A little over a year ago I began a strength training program. After bilateral hip replacements, and the years of dysfunction that led up to them, I needed to regain strength. I’m now working out with weights at least once a week on my own. It feels good and has improved my strength and agility by miles.
I’ve begun tweaking my workouts recently to include a longer stretching period after my workout. As I expected, making my cool-down period more like a mini-yoga practice has benefits far beyond simple stretching. After I finish my workout now, my mind is clear, smooth and alert—like after a yoga practice. Who would have thought?
6 Yoga Poses for Cooling Down
Of course, there are lots of yoga poses for cooling down after a weight-training session. What you choose can depend on the focus of your weight training. Below are the poses I’ve found to be helpful. Bring along a yoga mat, a yoga strap and an eye pillow, and make sure you approach your practice with an attitude of ease rather than one of aggression. Keep your breathing long, slow and relaxed.
- Unwind: Adho Mukha Svanasana (Downward Facing Dog Pose) is a great way to begin the unwinding process. Begin your Dog Pose by moving around—twisting, flexing and extending your spine and moving through all your joints. The intention here is to “liquefy” your joints and soft tissues before stretching. Downward Facing Dog Pose is the perfect transition pose for moving into stretching.
- Stretch Your Quads: There are a number of ways to stretch the quads. My favorite way is to practice Supta Ardha Virasana (Supine Half Hero’s Pose). However, this pose can be out of reach for people whose knees don’t flex all that far. If this is the case, simply flip over onto your belly. Lie flat on your abdomen and then bend one of your knees. Reach back and grab your foot and draw the foot in toward your body to stretch the quads. You can use your yoga strap if your hand doesn’t reach your foot.
- Stretch Your Hamstrings: Supta Padangusthasana (Supine Big Toe Pose) is a classic way to release hamstring tightness after a workout. Be sure to place a strap around your foot so that you can keep the rest of your body in a supine Tadasana (Mountain Pose).
- Stretch Your Outer Thighs: Supta Ardha Padmasana (Supine Half Lotus Pose) is a great way to release tension in the glutes and outer thighs. Make sure to keep your shoulders relaxed as you draw your legs toward your torso.

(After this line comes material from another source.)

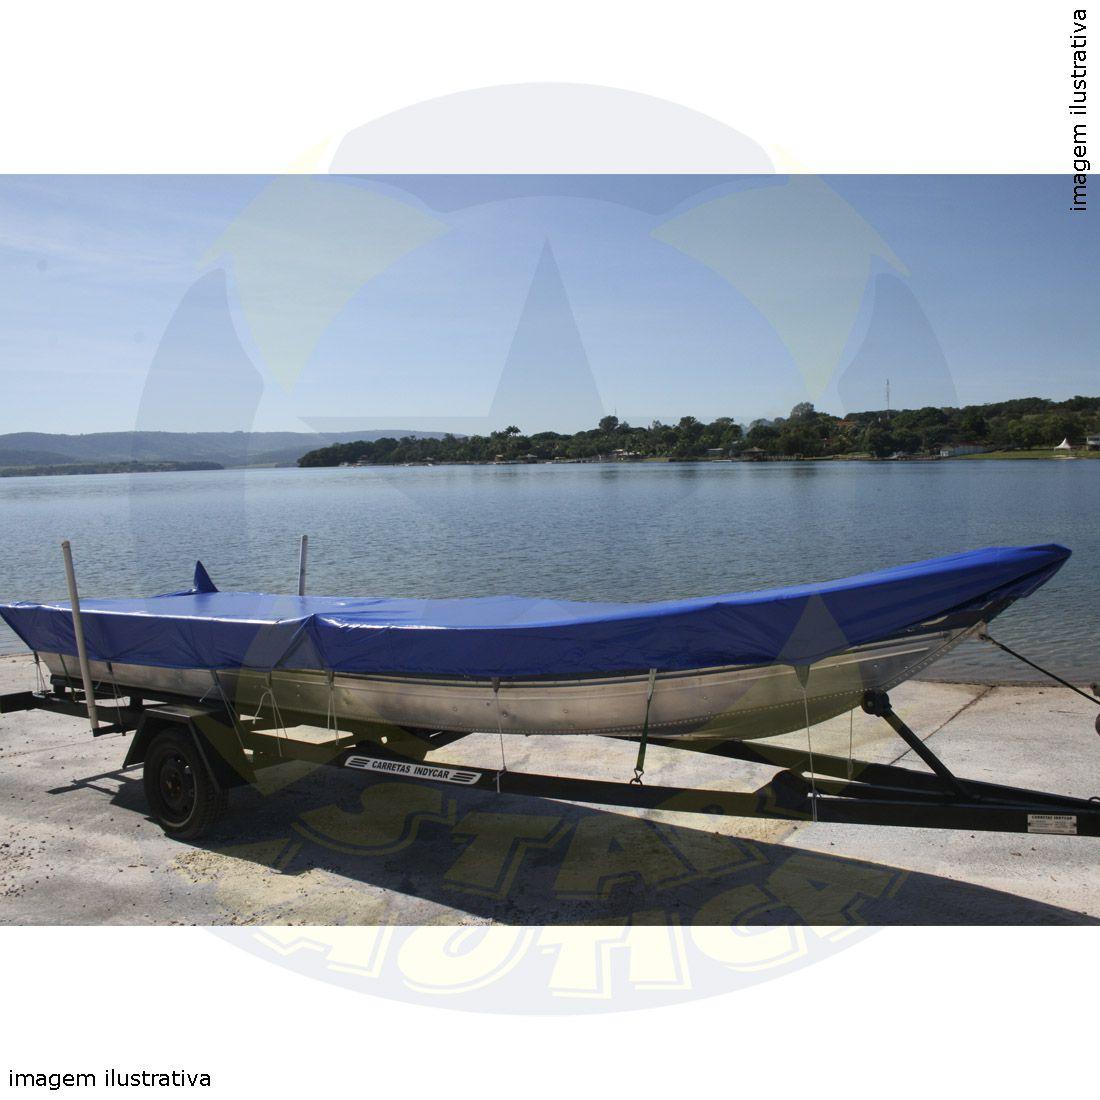 Capa Lona de Cobertura Barco Pety 600 Lona Vinílica

- Twist: Jathara Parivrttanasana (Revolved Belly Pose) is a great way to further release tension in the shoulders and core. Be sure to breathe deeply into your abdomen as you relax into the pose.
- Let It All Go: As with any asana practice, Savasana (Relaxation Pose) helps smooth out agitation and help you integrate your practice. Give yourself at least 5 minutes. I’ve found 10 minutes to be the minimum amount of time my body needs to benefit from Savasana after a workout. The lights in most gyms and weight rooms are pretty harsh. An eye pillow makes a big difference.
What are your favorite yoga poses for cooling down after a workout?